Wednesday 9 October 2019

Coming To A Street Near You.

         It is now obvious that the powers that be in the West are preparing for the army to be ready to function in civilian areas, in the event of civil unrest or threat of insurrection. They are always better prepared than we the public are, they do their planning well in advance and with unlimited funding. We tend to react to circumstances that are forced on us, rather than accept that there is a class war already operational at the moment. It is sold to us in various guises, austerity, national emergency, privatisation, gentrification, balancing the books, etc. when these start to hurt and anger rises, we react, but they are well prepared to quell that anger by force. What are our preparations for self defence?

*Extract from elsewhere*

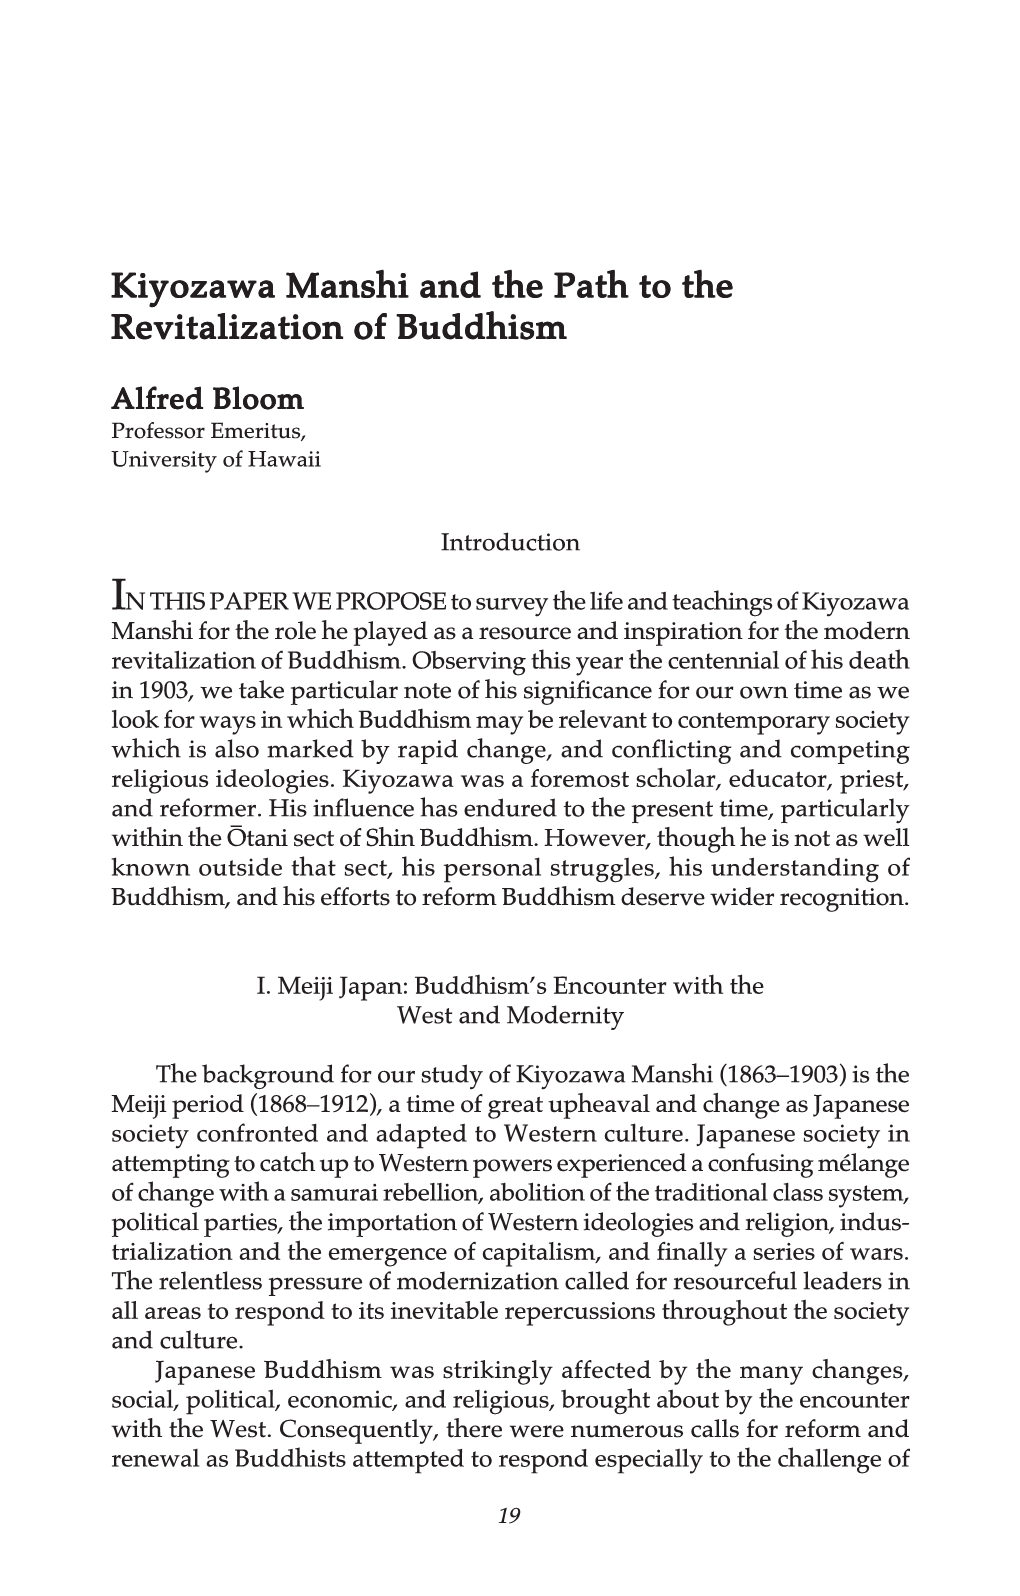 Kiyozawa Manshi and the Path to the Revitalization of Buddhism

      This from Act For Freedom Now:
 Coming to a street near you.
         For decades France has been one of the most important arms suppliers to the four corners of the world. With a flourishing industrial-military complex, it regularly carries out wars, supports irregular troops (such as that of general Haftar in Libya) and is also training on its own territory… and that of its neighbours. In the context of the ‘Motorized Ability’ program signed in June 2019 with one of NATO’s privileged partners, Belgium, it will supply the latter with 450 armoured vehicles (382 Griffon troops transporters and 60 Jaguar recognition vehicles), which will be delivered from 2025. Another aspect of this agreement is the strengthening of ‘strategic partnership’ between French and Belgian ground troops, which takes form in particular with conjoint training. This might seem quite banal, were it not for the fact that the army decided to train not only in barracks and appointed centres [1] that reproduce cities in miniature… but directly among the civilian population by performing exercises on a real scale.That’s how more than 1,000 Belgian and French military will occupy the provinces of Namur (ten municipalities located in the triangle Walcourt-Hastière-Couvin) and Hainaut (triangle Beaumont-Chimay-Froidchapelle) from 18th to 25th September 2019.

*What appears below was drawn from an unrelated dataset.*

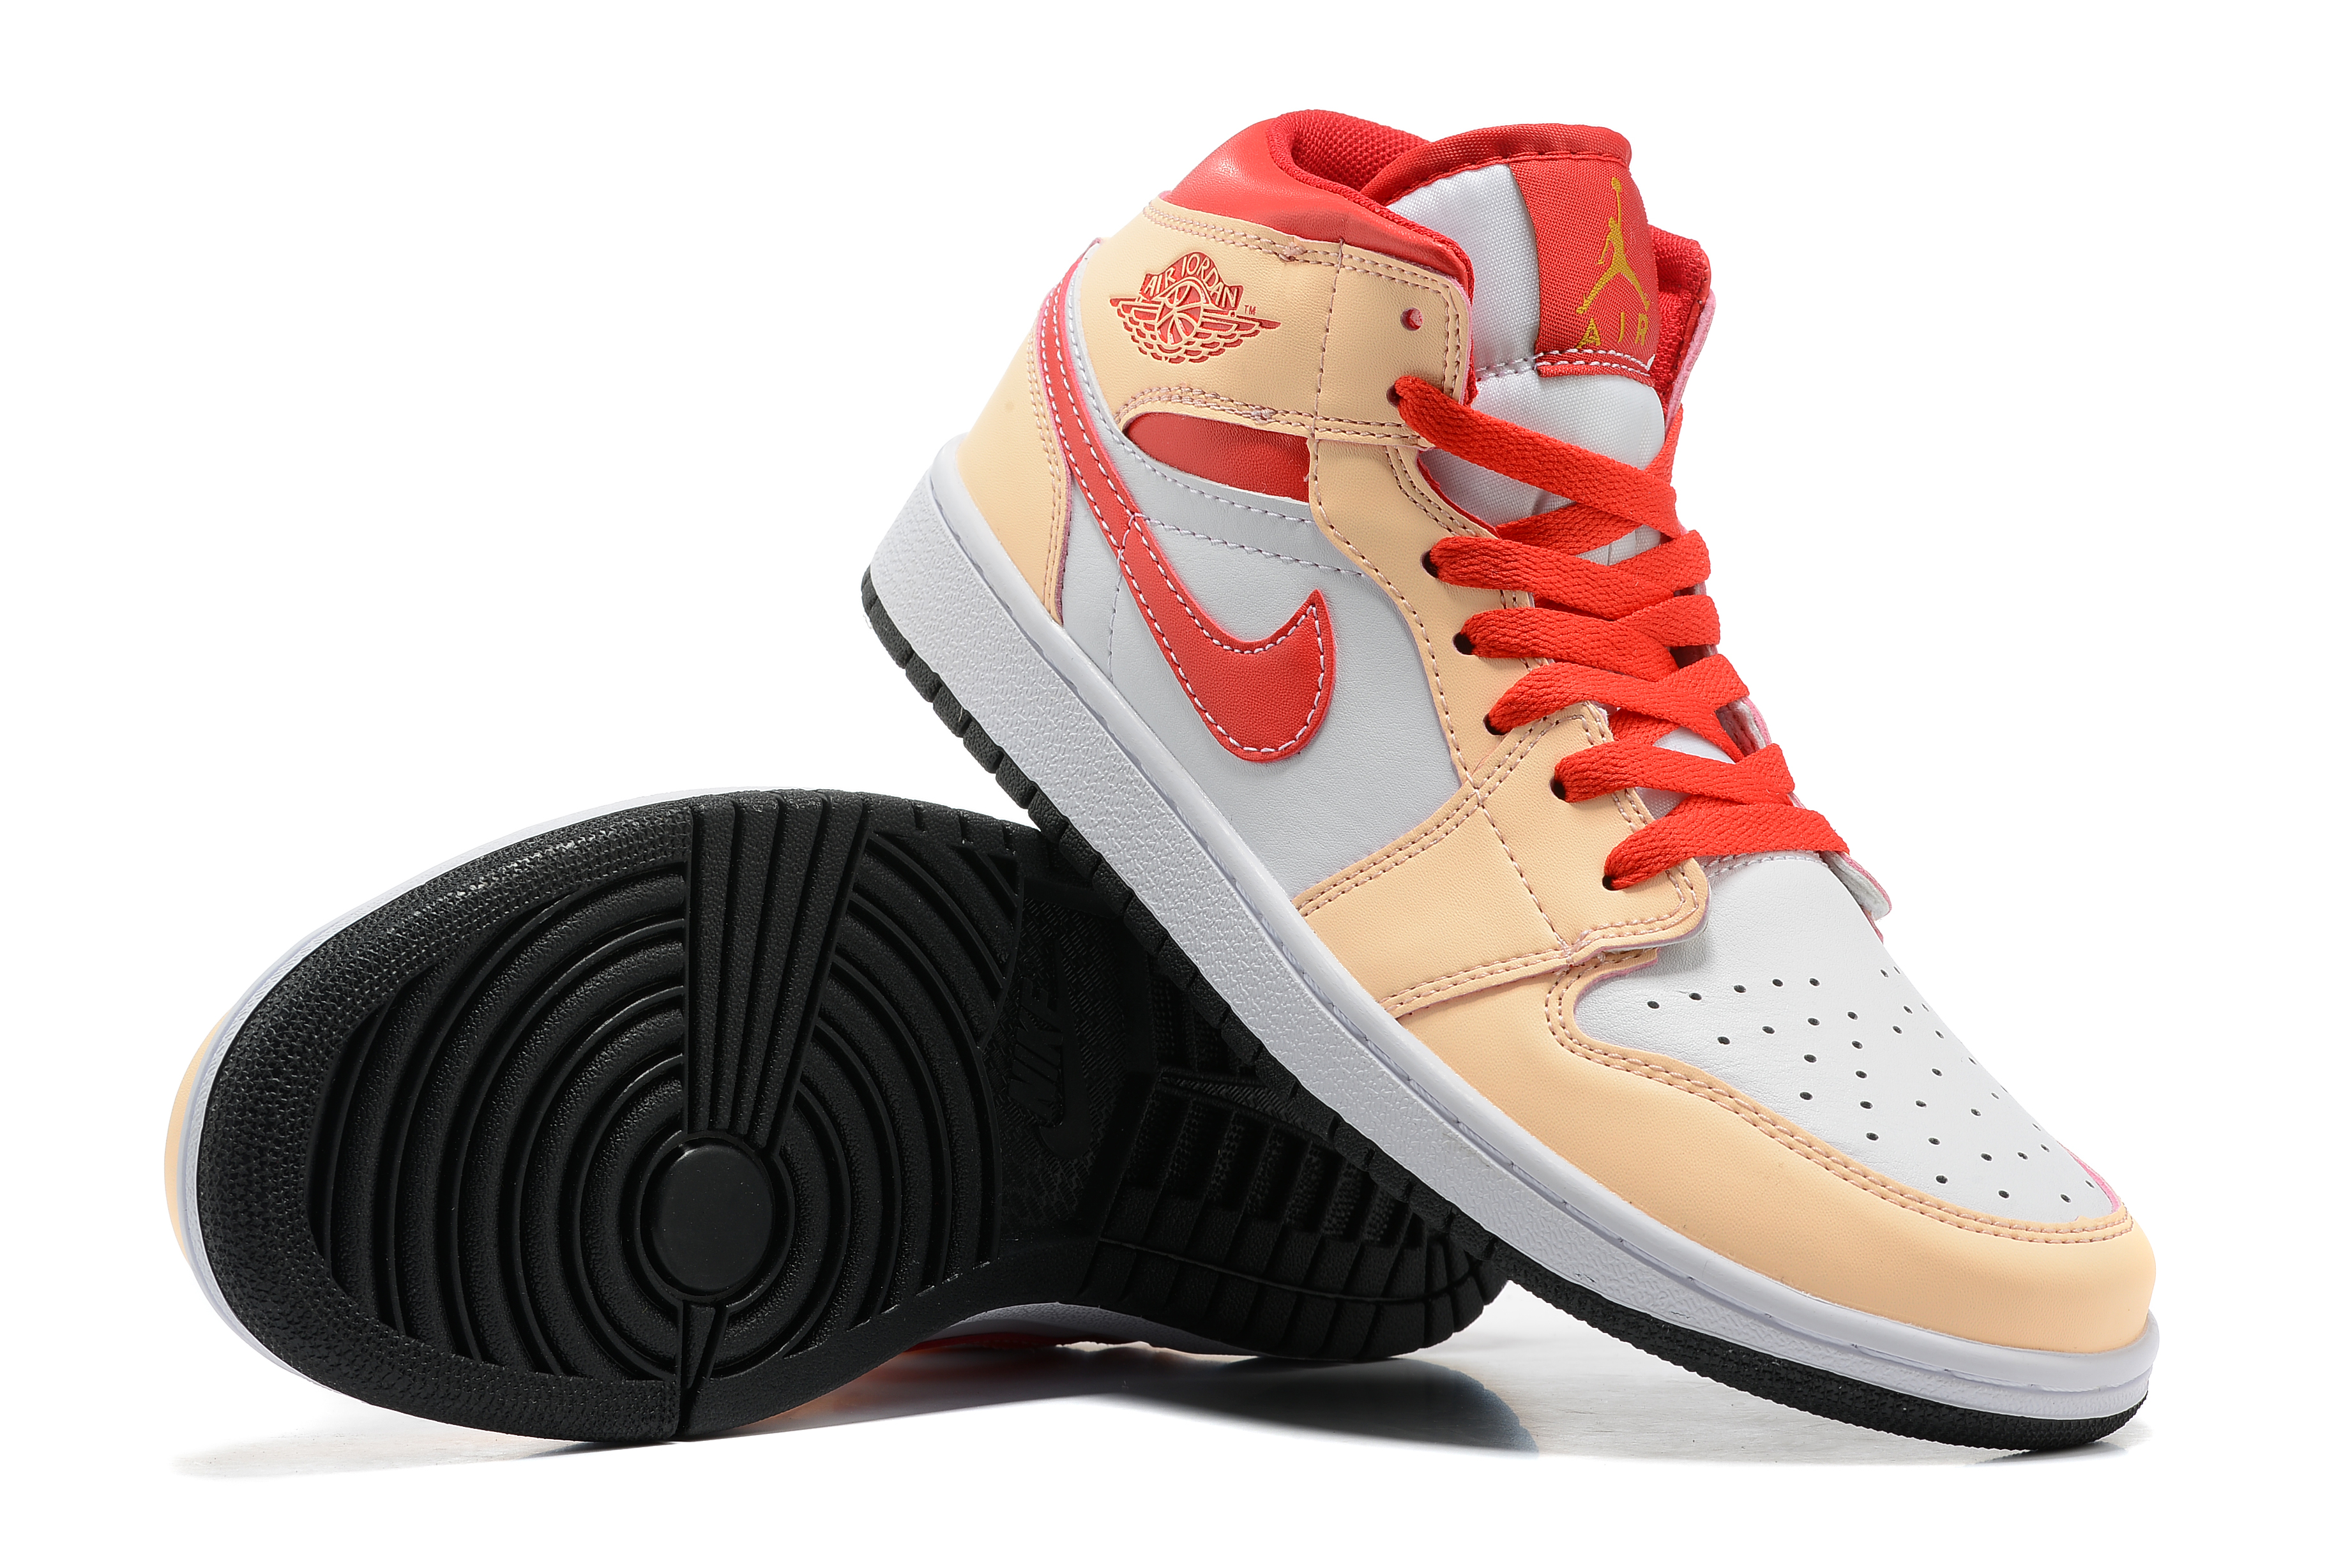 New 2022 Air Jordan 1 Retro Pink Peach White Shoes

         ‘The goal is to start a French-Belgian military cooperation by integrating units in both countries in a civilian environment. It will also allow us to exchange skills and improve our inter-operations action in many sectors, such as radio communication and weapons use’. Yes, you read right, the goal is that of operating on a large scale ‘in a civilian environment’ as happened after the 2015 attacks, but above all that of carrying out an operation meant to improve ‘weapons use’. More precisely, 150 vehicles and 600 soldiers (fifty fifty for each of the States involved) will be deployed in twenty villages, with over 300 taking care of assignment (personnel, examiners, logistics) and… and… and… 100 soldiers who will play the part of rural insurgents euphemistically called ‘opponents’, who hide among the population.

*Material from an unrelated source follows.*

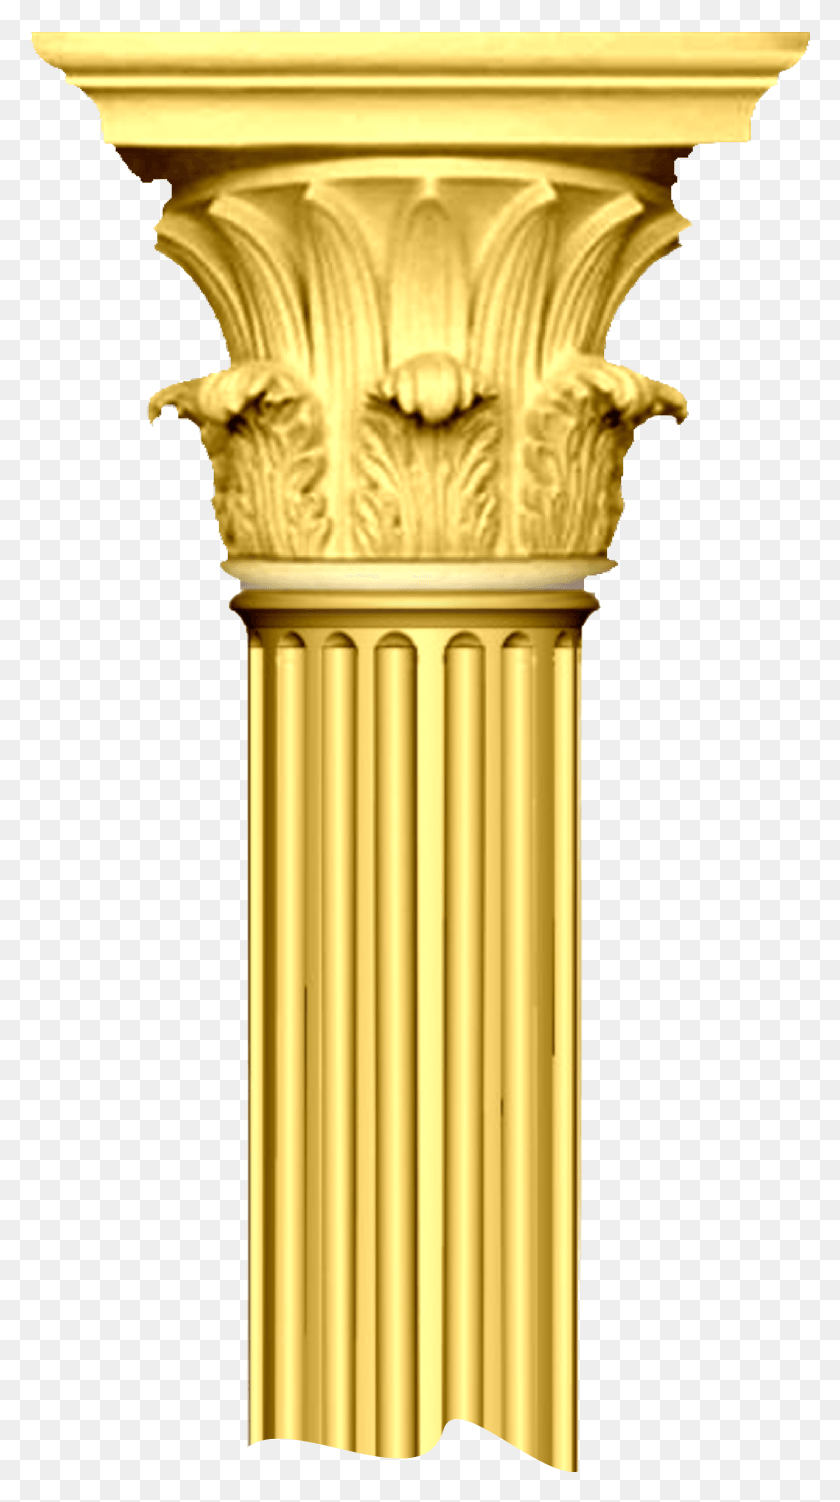 1557x2879 Золотая Колонна Шапито Pidestal Grce Антикварные Изображения, Архитектура, Здание, Колонна Hd Png Скачать

         This military training operation, called ‘Celtic uprise’ (a reference to Brexit), has ‘a fictitious country in crisis’ as its scenario, and the goal of the murderers in uniform is no longer simply hidden behind vague humanitarian pretexts to aid the population, as it was years ago, but this time it also officially includes ‘patrolling, making sensitive points secure’ and of course ‘antiterrorism actions’. It’s been known for some time that the army has been preparing for interventions within the European borders in case of urban insurrections or rural guerrillas, scenarios that even NATO projections took seriously. As for us, it’s time we took seriously the proposals that insist on the need to be involved in it now [2]; to map carefully industries and technological companies, but also everything that is sensitive to the correct operational functioning of domination: communication networks, transport routes, resources and energy networks, strategic supplies of raw material and food; to develop technical skills and precise knowledge in order to put them out of use; to think today of forms of informal coordination and develop anarchist projectualities, valid in times of peace as well as of war, because the distinction between the two is no longer appropriate…
          [1]. Such as the 12,000 hectares of CENTAC (combat training centre) in Mailly-le-camp (Aube) and the 6,000 hectares of CENZUB (urban action training centre) in Sissonne (Aisne).